Ries was born in Berlin and grew up in Germany, but sensed the impending doom of Hitler's political style and, as a Jew, emigrated to the United States in 1937. He eventually returned to the Third Reich forced to renew his US immigration papers there. Ries was permitted to enter America in January 1938, after acquiring the desired papers in Cuba instead, having crossed the Atlantic twice to do so.

When America entered World War II, Ries immediately joined the army and served in India with an aerial reconnaissance unit, humorously pointing out that he served there due to his "good German" skills. After the war, in August 1945, Ries, still a soldier, returned to Berlin. He soon resigned from the army in order to work for the OMGUS Observer as a photojournalist. Two years later, he begin to work for The New York Times as a European photographer, photographing many of the scenes of destroyed post-war Germany and the Berlin Airlift, which have become iconic images. In 1951, Ries returned to the US and eventually turned to commercial photography. In 1955, he opened his own studio in Manhattan.

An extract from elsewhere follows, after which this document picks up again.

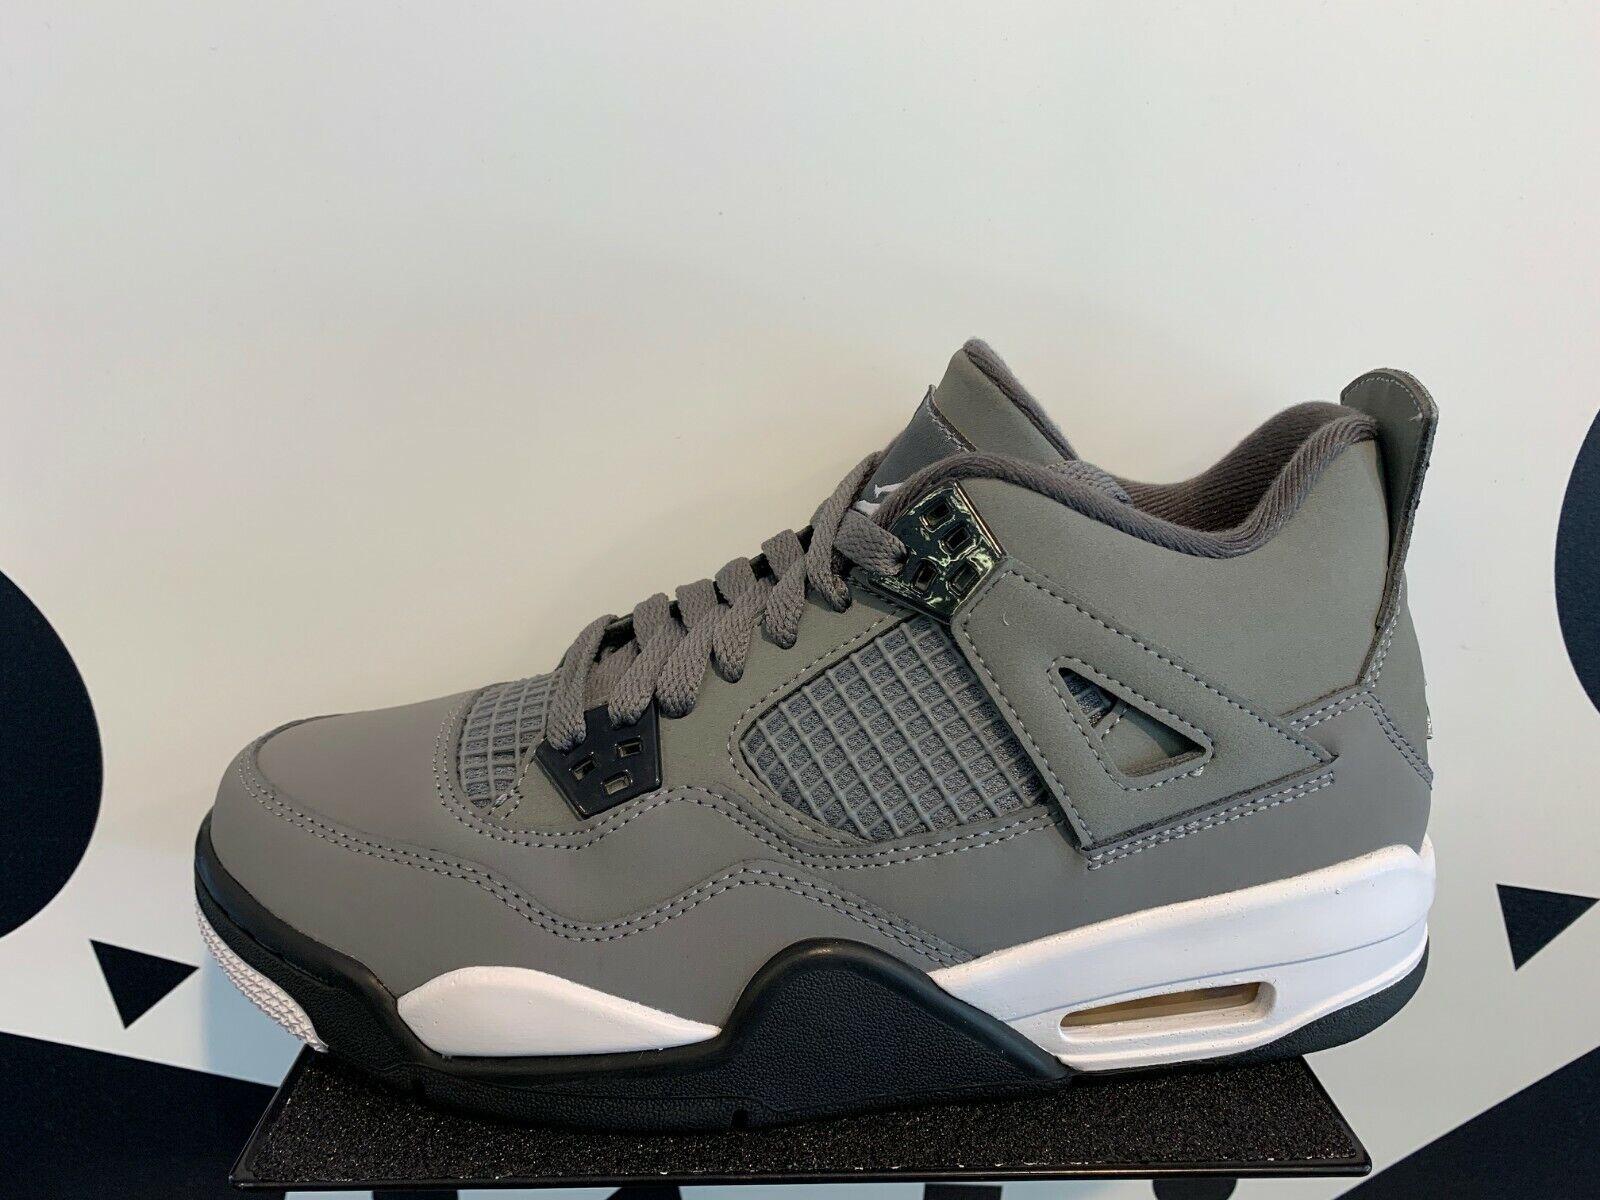 Nike Air Jordan Flight Origin 2 Black
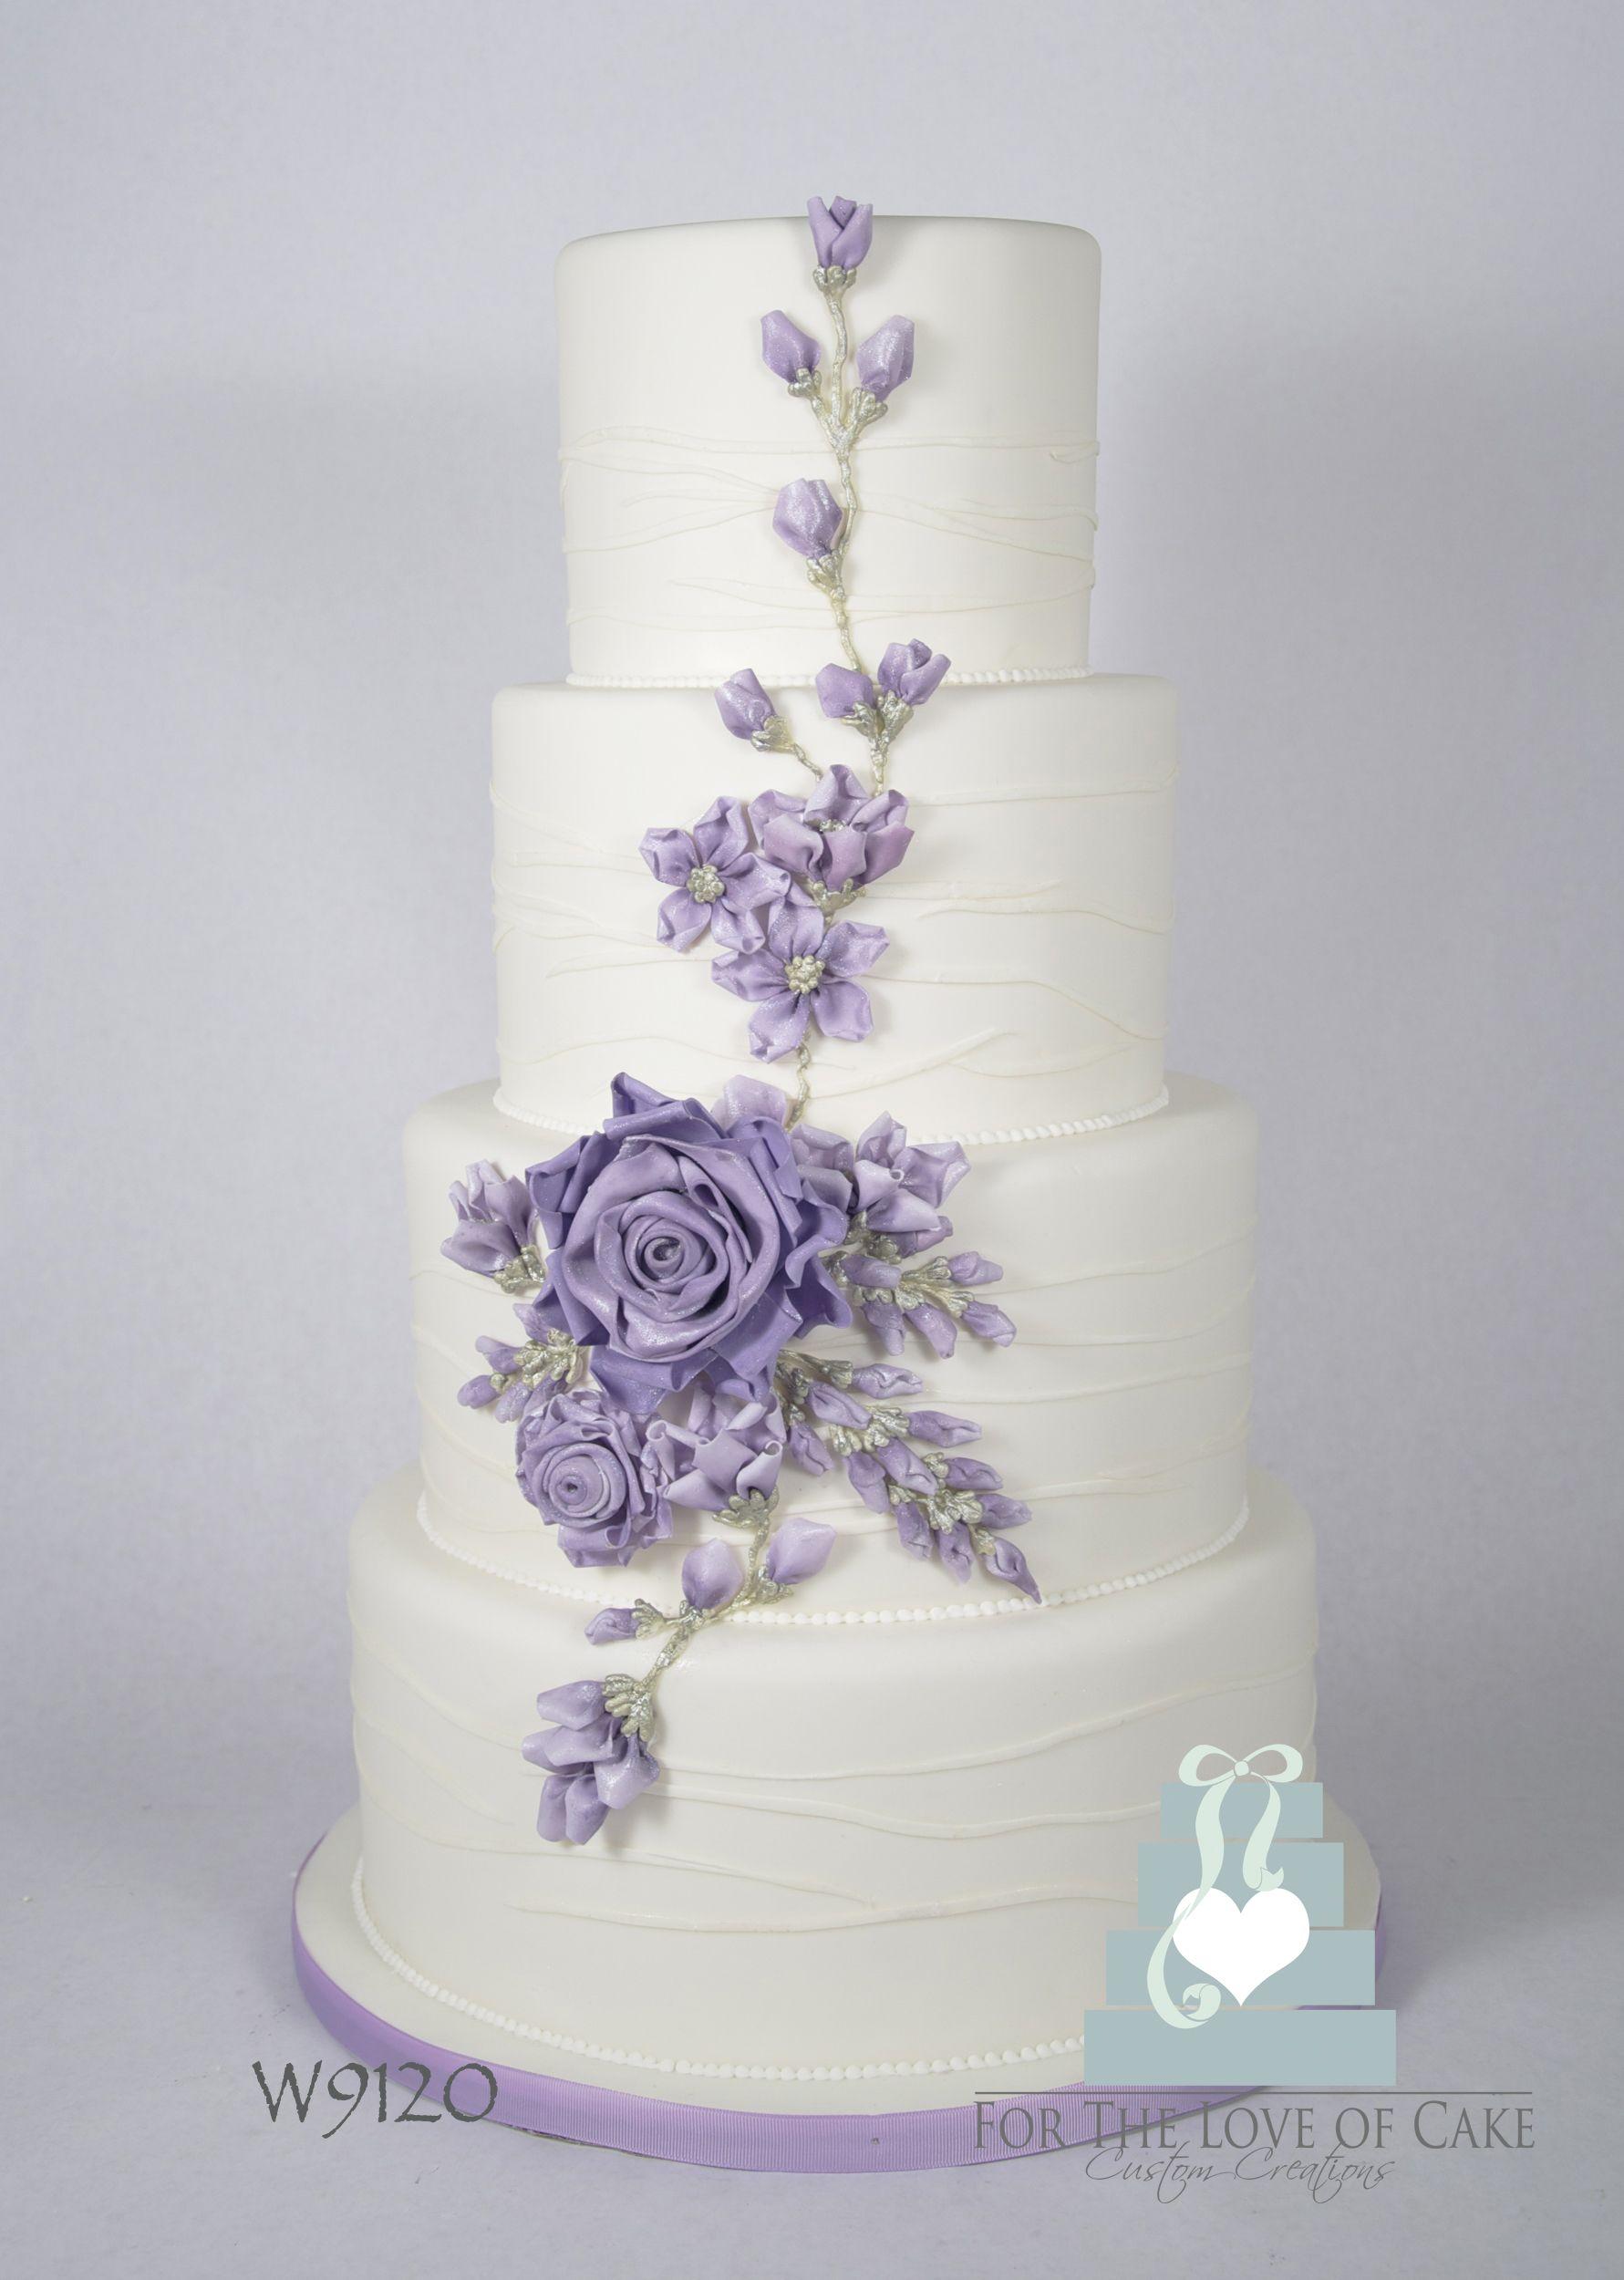 Ribbon Flower Wedding Cake Round Wedding Cakes Wedding Cakes With Flowers Beautiful Cake Pictures Cool Wedding Cakes

He wrote of his return to Berlin in 1945, that 'I realized that I too had once been a citizen of this city and had witnessed the beginning of the disaster before I was “denationalized” … It was not easy for me to remain an observer rather than a judge.’. In his book, Abschied meiner Generation, he said, "Seeing all this devastation and desperation, confronted with hunger and fear, cripples and black-marketers – and with no Nazi in sight anywhere – I realized how fundamentally the seven years between emigration and occupation had changed Germany's exterior and my own interior."

During his time with the Times, he met and photographed the famous and the infamous, such as artists Pablo Picasso and Pablo Casals, as well as Spanish General Francisco Franco.

In 2003 he was awarded Germany's Officer Cross of the Order of Merit, the highest award for citizens of other countries.